Prima di parlare di qualunque argomento, e in particolare di cose ebraiche, è utile ricordare l'importanza del linguaggio e l'attenzione che deve essere prestata ai termini che usiamo quando esprimiamo dei pensieri. I Maestri spiegano che l'essere umano si distingue dagli animali appunto per la capacità di comunicare con un linguaggio. Il Targum Onkelos, la traduzione aramaica della Torà, traduce il versetto: "Vayehì ha-adam le-nefesh chayà" (“L’uomo divenne uno spirito vivente”) con le parole "Vahawat ba-adam le-ruach memallela" "Ruach memallela" significa "spirito parlante" cioè pensante (Bereshìt, II, 7).




Il linguaggio che usiamo mostra chi siamo

Rav Israel Meir Ha Cohen (Polonia, 1838 - 1933) dedicò gran parte della sua attività a scrivere e diffondere la sua opera "Chafètz Chayìm", nella quale riassume e presenta gli insegnamenti della Torà scritta e della Torà orale riguardanti la gravità della trasgressione e dei danni che si causano quando si parla in modo dispregiativo del prossimo. Nella Torà è scritto: “Non andare in giro a sparlare nel tuo popolo” (Vaykrà, 19:16) e nel Talmud Babilonese (Arakhìn 15b) R. Yochanan a nome di R. Yosè insegna che “Chi sparla del prossimo è come se avesse negato la divinità”.


Il linguaggio che usiamo mostra più di ogni altra cosa chi siamo. Nello trattato Pesachìm (3b) viene menzionata la distribuzione del “Lèchem Hapanìm”, i pani che erano sul Shulchàn che si trovava nel Bet Ha-Miqdàsh, e che venivano distribuiti ogni Shabbàt tra i Kohanìm di turno. Uno dei Kohanìm affermò di aver ricevuto un pezzo di pane delle dimensioni di una “coda di una lucertola”. Il fatto che questo Kohèn menzionò nel Bet Ha-Miqdàsh un animale impuro, fece una pessima impressione al Bet Din dei Kohanìm che verificarono il suo background e trovarono un motivo che lo squalificava.

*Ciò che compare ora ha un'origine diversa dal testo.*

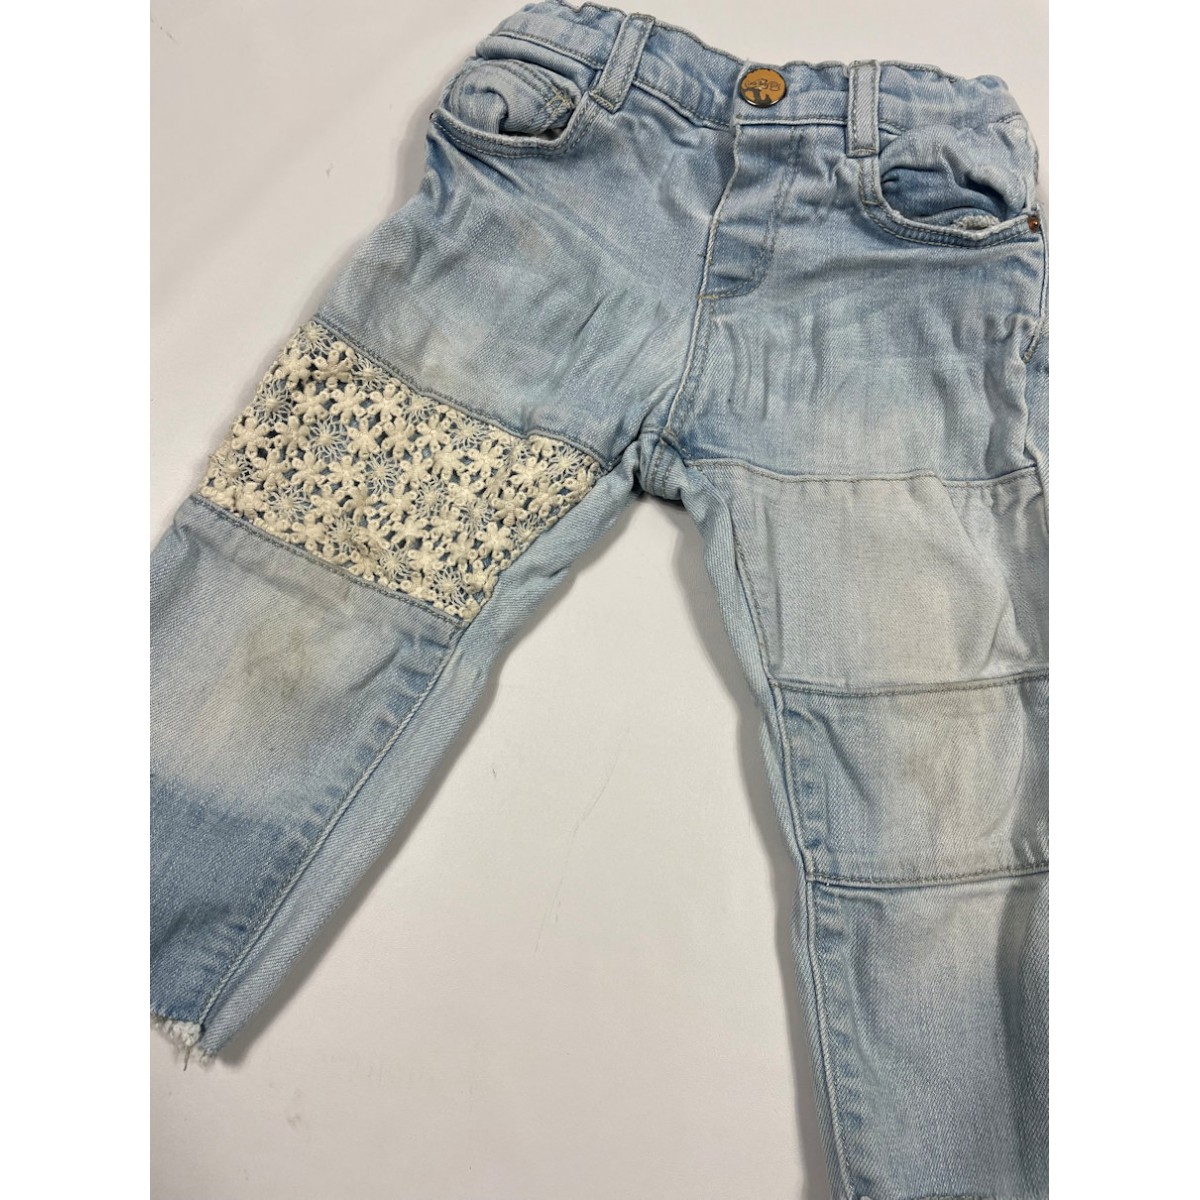 jeans Zara / 12-18 mois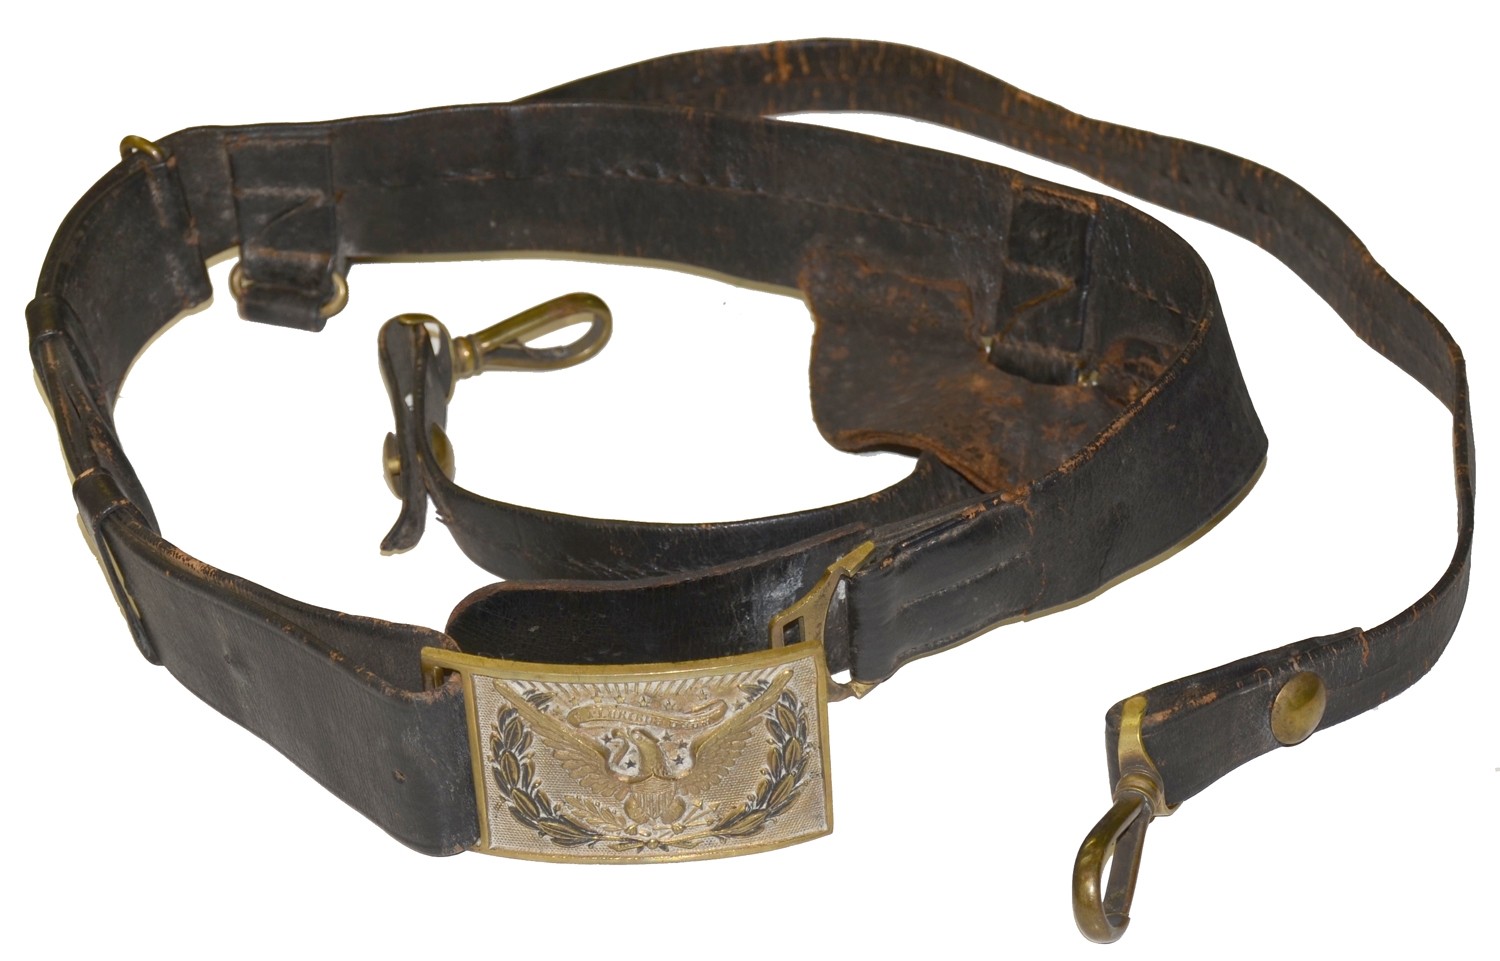 CIVIL WAR OFFICER'S SWORD BELT WITH PATTERN 1851 BUCKLE — Horse

Il linguaggio e i termini che usiamo evidenziano anche il nostro modo di pensare e le ipotesi sulle quasi basiamo le nostre opinioni. La scelta delle parole è molto importante e non può quindi essere lasciata ad altri; non possiamo adottare senza verifica le espressioni usate dai giornali e da altri mezzi di comunicazione, perché il linguaggio quando

diventa abituale influenza il nostro modo di pensare.


Linguaggio e opinione pubblica


Nel 1957 Vance Packard pubblicò il suo bestseller "I persuasori occulti" nel quale ipotizzava che la pubblicità era diventata tanto influente da poter cambiare il comportamento dei consumatori. L'ipotesi si rivelò esagerata, tuttavia il libro sottolineò giustamente l'importanza del linguaggio pubblicitario nell'influenzare il modo di pensare e le decisioni di acquisto del pubblico.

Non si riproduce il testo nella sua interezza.